We’re Fucked, Pt. 107 (Fiction)


Naked as I crawled into this broken world, I pad barefoot through the doorway to Jacqueline’s bedroom. The blinds have been rolled down, which would have engulfed the room in darkness if it weren’t for the lit candles arrayed on the nightstand, and on a stool at the foot of the bed. The flames, glowing gold, dance gently as they cast honey-colored light on the cloud-white bedclothes, and tint the walls and ceiling that one day we’ll repaint with the ashes of our enemies. I breathe in an aroma of rose, jasmine, and sandalwood.

Warmth permeates my skin as if I were wrapped in a blanket. Jacqueline has gone out of her way to craft this sanctuary for my sake. I’m reminded again that someone cares for me, chooses to keep me around day after insane day, even though I’m a relentless monster. I swallow hard, pushing back tears, and quietly close the door.

From behind the towering wardrobe that cuts my view, a sultry voice, soothing as a lullaby and with a hint of French accent, wafts over to me.

“Leire, be a doll and lock the door, s’il vous plaît.”

My hand reaches out, my fingers curl around the lock, then twist it into place. The metallic click resonates in the vault of my memories; how many times have I waited for that sound so I could feel safe alone, separated from the outside?

When I step past the wardrobe’s side, Jacqueline captures my attention: she’s standing by the mirrored door, between the wardrobe and the bed, like a medieval queen in her private chamber. My lover’s feminine figure is bathed in the golden hues of candlelight that makes her eyes sparkle. Her form-fitting silk robe glimmers like an oyster-pink oil slick, which accents her dark tresses. The ivory-white skin of her face and neck and chest and bulging cleavage glow. My gaze lingers on her mouth: the Cupid’s bow, the plump lower lip. I ache to feel that moist softness against me again.

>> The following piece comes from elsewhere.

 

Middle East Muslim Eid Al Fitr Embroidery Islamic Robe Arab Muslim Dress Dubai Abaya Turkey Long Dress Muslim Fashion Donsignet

“I love your fresh-from-the-shower afterglow,” Jacqueline says.

“Well, I’m glad you don’t find me hideous.”

“Hideous? Darling, you’re as beautiful as the dawn.”

I blush even though I’m disintegrating, even though the blood in my veins must have turned to sludge.

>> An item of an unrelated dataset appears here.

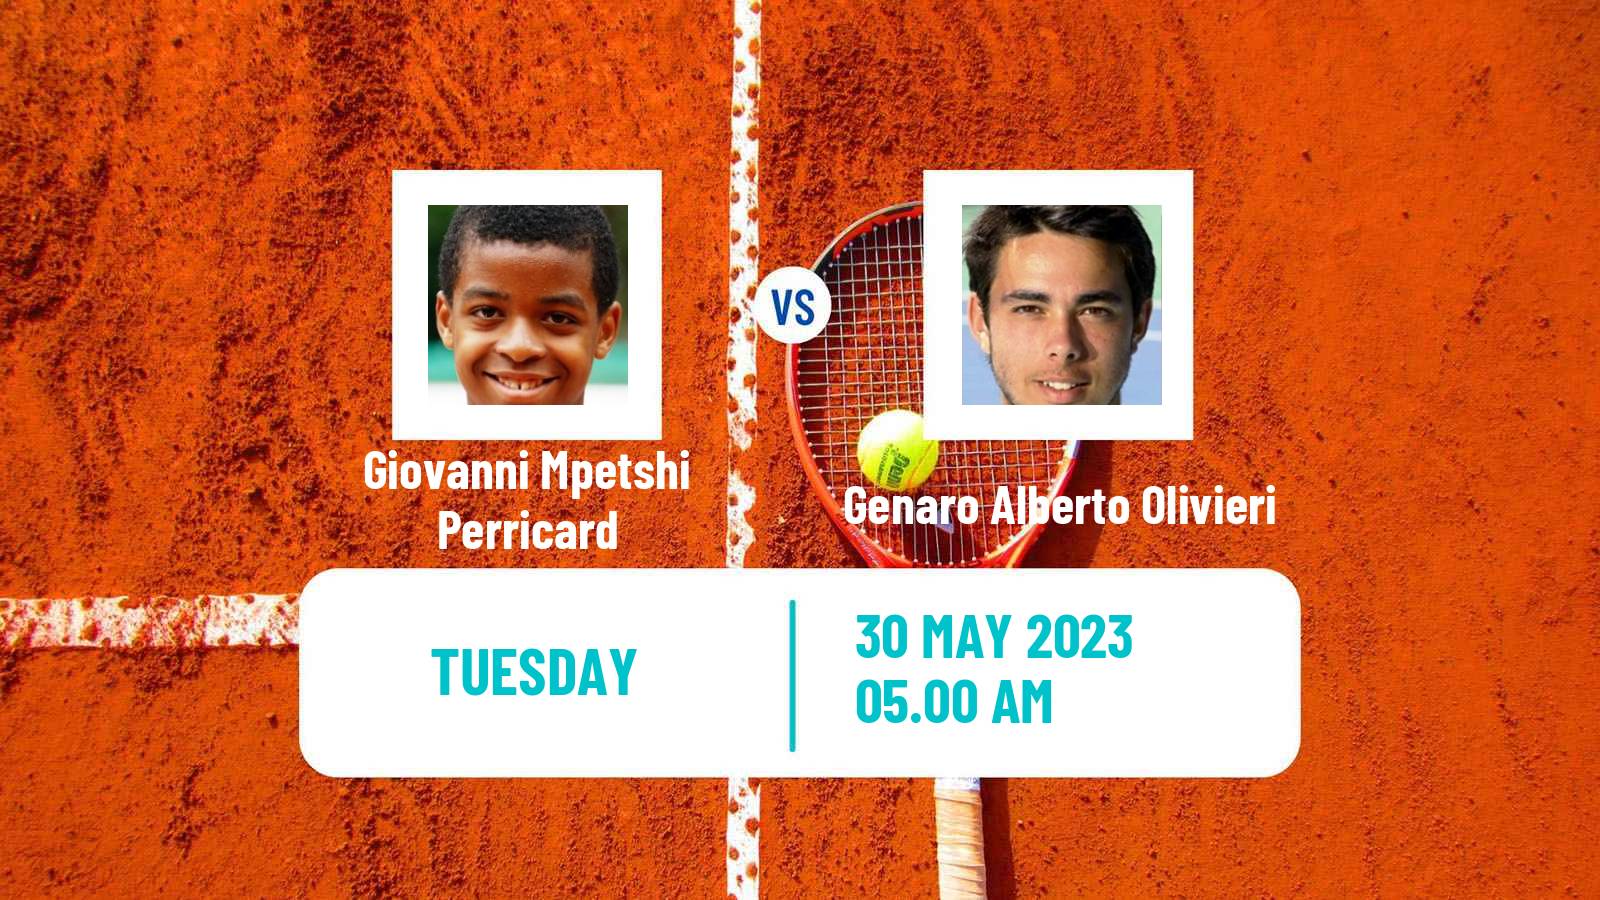 Tennis ATP Roland Garros Giovanni Mpetshi Perricard - Genaro Alberto Olivieri

“Th-thank you for preparing this romantic setup, by the way.”

She chuckles, then gestures toward the bed.

“You’re most welcome, ma belle. Now sit on the edge. Get comfortable.”

The plush rug cushions the soles of my bare feet as I approach the bed. When I sit down, facing my beloved, the mattress dips under my weight. The lavender-scented, cottony surface feels cool against my ass and the back of my thighs.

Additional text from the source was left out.